Published on May 10th, 2010 | by iamstaggered6
How (And Why) To Get Married In A Field
This post has been a long time coming for a few reasons but, mainly, because we don’t want to spoil the day for our wonderful guests so even this post will be vague in the places necessary to keep things a surprise. All will be revealed in good time though…
It goes without saying that every single wedding is different and every couple has their own way of doing things. I had a big thing from the start about the whole process of ‘ranking’ guests by having a day list and an evening list – we want to have those we love to bits around us for the whole thing.
This approach to the day has worked really well for us from a few angles. It’s made the guest list easier to put together and manage, thus keeping our stress levels down. By not having to give Aunt Ethel the old heave-ho from the day list it keeps family politics at bay too. I don’t have an Aunt Ethel, but you know what I’m getting at, we’ve avoided even having any of the usual ‘debates’ you hear of when one of the mums or dads thinks someone should be invited to the whole day not just the evening – that stuff throws the financials (not to mention the seating plan) into total chaos. We want someone there, they’re invited.
Take heed though, there’s a bloody good reason people have day and evening guests. Money. We spent the usual weekends trolling around venues, all very grand and lovely. Cater for 120 people? Cripes! Nowhere near feasible on our budget. On top of that the venues didn’t really to line up with the relaxed approach we were after, all a bit too formal.
Fortunately, another thing we really wanted was for our wedding to be ecologically sound where possible, (we’re not full-on whale-saving, tree-hugging greenies, but we do have a social conscience) which lead us to thinking about how it would be great to have a wedding in a field. Not everyone’s first choice, admittedly, but it seemed to fit with us as an idea. Somewhat of a posh festival vibe – you, me, 120 guests, I call that Pimms o’clock. Chin chin. Chocks away.
As I’m sure anyone in the early stages of planning their wedding will find, there are highs and lows. When we first spoke to some family about our field plan we started getting worried as most gave us a weird look and seemed to think we were a bit bonkers. Eventually, one friend said he’d been to a wedding years ago and his friend, an Australian, did pretty much what we’re trying to achieve. Apparently, it was the best wedding he’s ever been to.

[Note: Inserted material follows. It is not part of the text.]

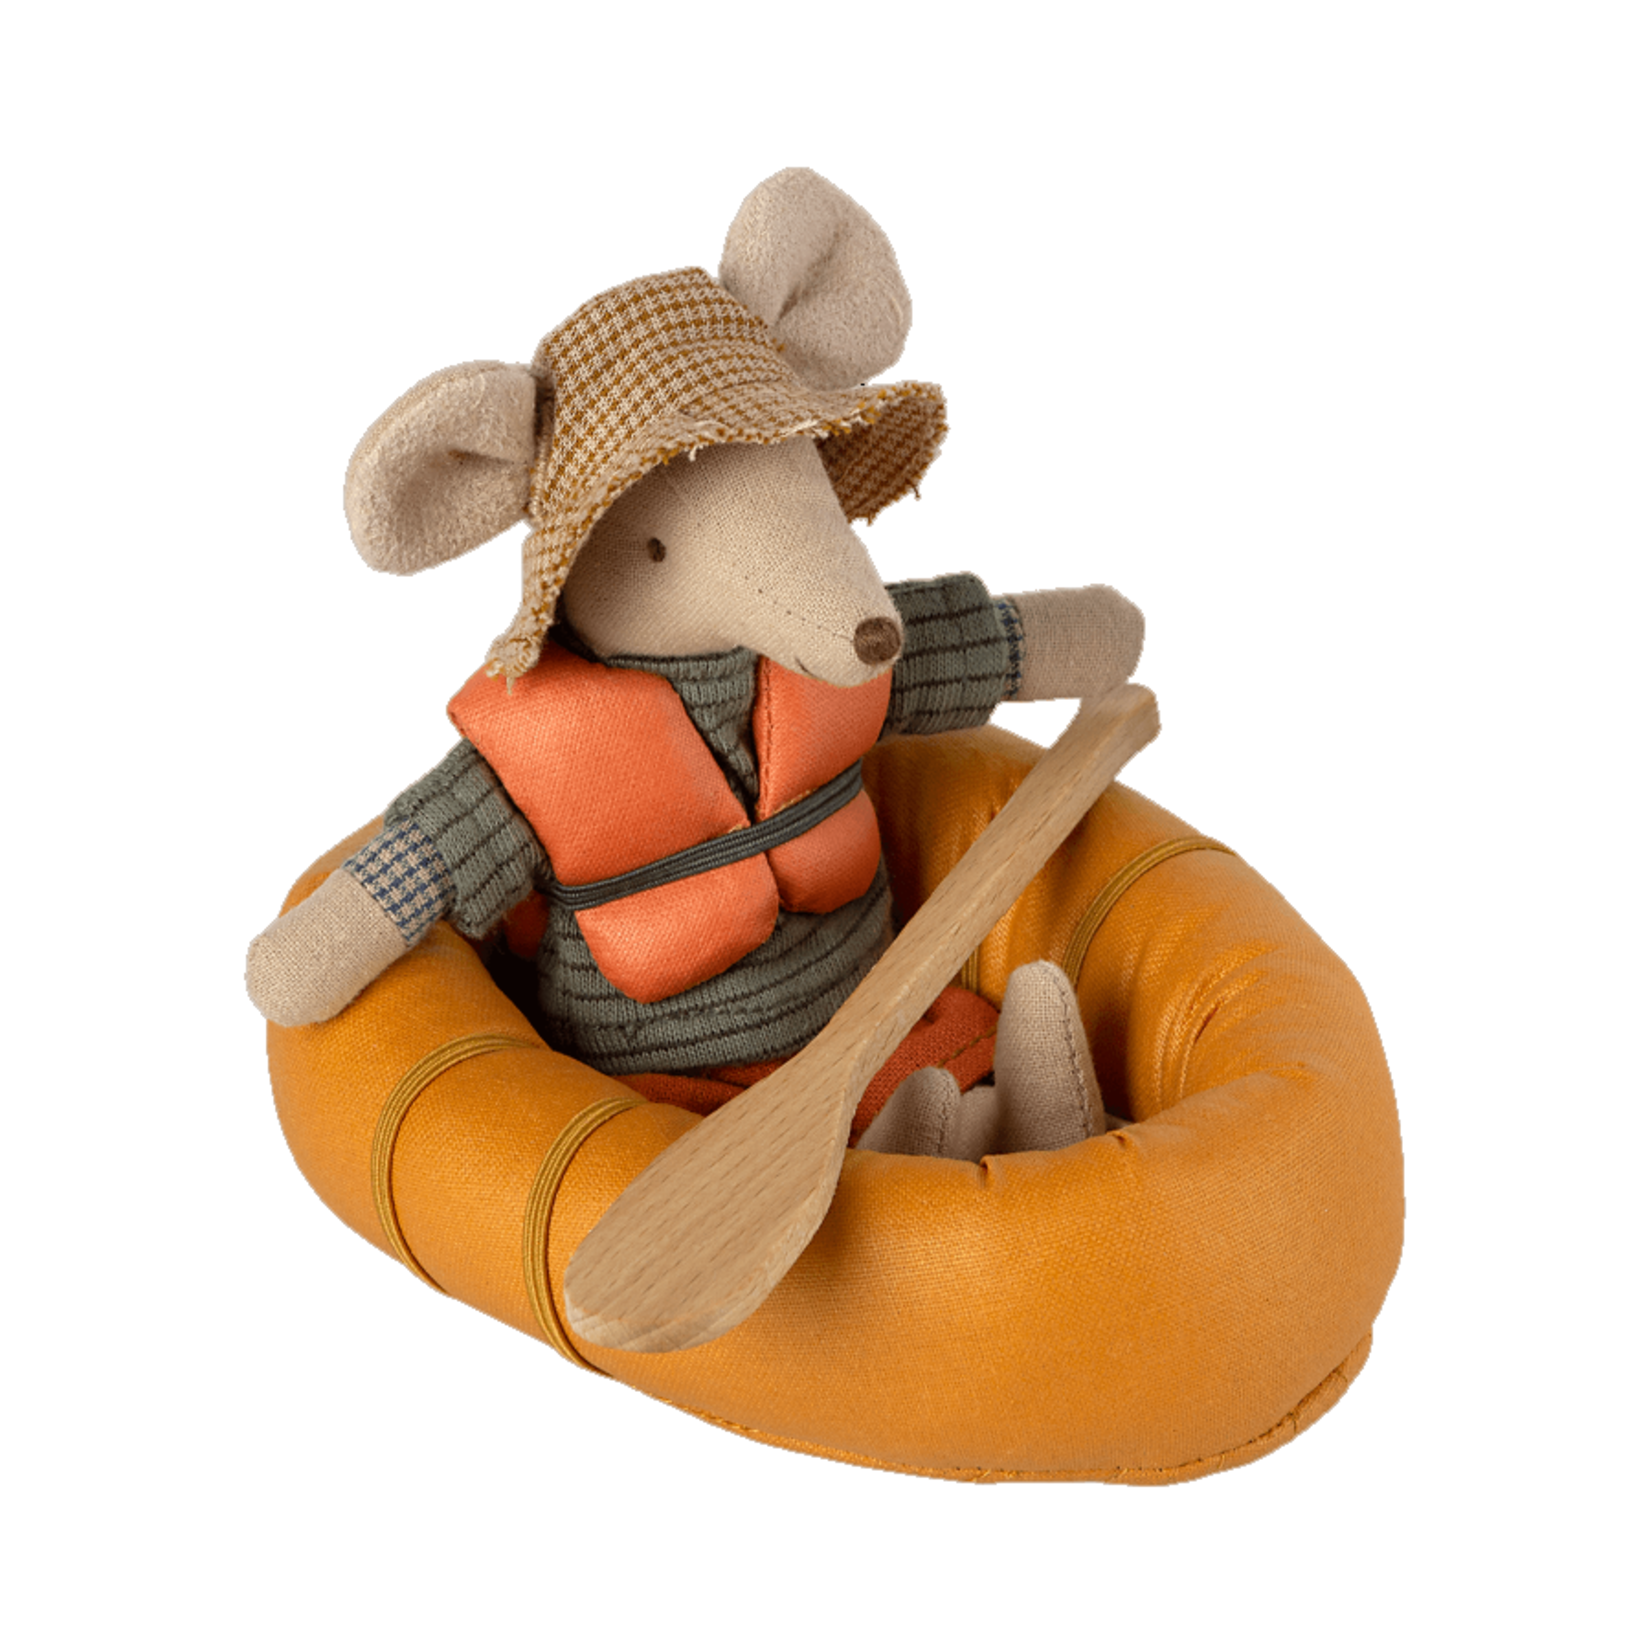 Maileg Maileg Rubber Dinghy boat, Mouse - Dusty yellow NEW

This one comment solidified the fact we were doing the right thing and we had to just go for it.
One of the first thoughts we had was to buy a field. With the expense of that we’d have to either be investing in some land to build on later in life (how odd is that plan?) or starting a permanent eco-wedding venue with ours as the first wedding. We’d still love to do this, but there’s no way we could have actually got it ready for our day. It was fun thinking laterally for a while.
After a lot of research and umming and arring, we booked a visit to see Claire and everything started to fall into place. More on Claire later, we’re keeping her side of things tightly under wraps in the run up to our wedding day – needless to say we’re fussy buggers and the fact we’ve got Claire involved is testament to how wonderful she is.
A wedding in a field comes with it’s own inherent problems to overcome. Something we’ve come to realise is weddings are no different from anything else big you’ll do in your life, so work with each other and you’ll easily be able to shift obstacles, lift obstacles or just put a tablecloth over them and use them as occasional tables. I’m amazingly lucky with Liz as she’s not so hung up on any wedding day fantasy that she’s not prepared to compromise in order to make it our day as opposed to her day.
So what obstacles? Loads. But some big ones we had (and still have to a certain extent) are:
The Weather – It’s a field. Can’t really do a lot about that apart from plan for rain, it’s June in England after all. We could take the Russian approach and get cargo planes to dump tons of cement dust in the clouds the day before to dry everything out. They actually do that. Or used to. Not an amazingly eco-wedding approach though, plus we don’t have a cargo plane. Or tons of cement.
The Dress – It’s a field. I know nothing about the dress, but a 70 foot train isn’t going to cut the mustard. It’ll drag through sheep shit fine, mustard cutting, nope.
The Legalities – It’s a field. As far as I’m aware, you still need a solid structure which is licensed in order for it to be a legally binding wedding. Liz isn’t really religious and I guess I’m classed as an atheist, I prefer realist perhaps, but that’s not a debate worth getting into with anyone. Ever. Different folks, different strokes. So we’re having a humanist ceremony, which has been explained in a little more depth in Bernice De Braal’s post about How To Organise A Humanist Wedding. A few people have muttered the occasional query in hushed tones, along the lines of “What the blazes is that?” and “Is that some kind of joke wedding?”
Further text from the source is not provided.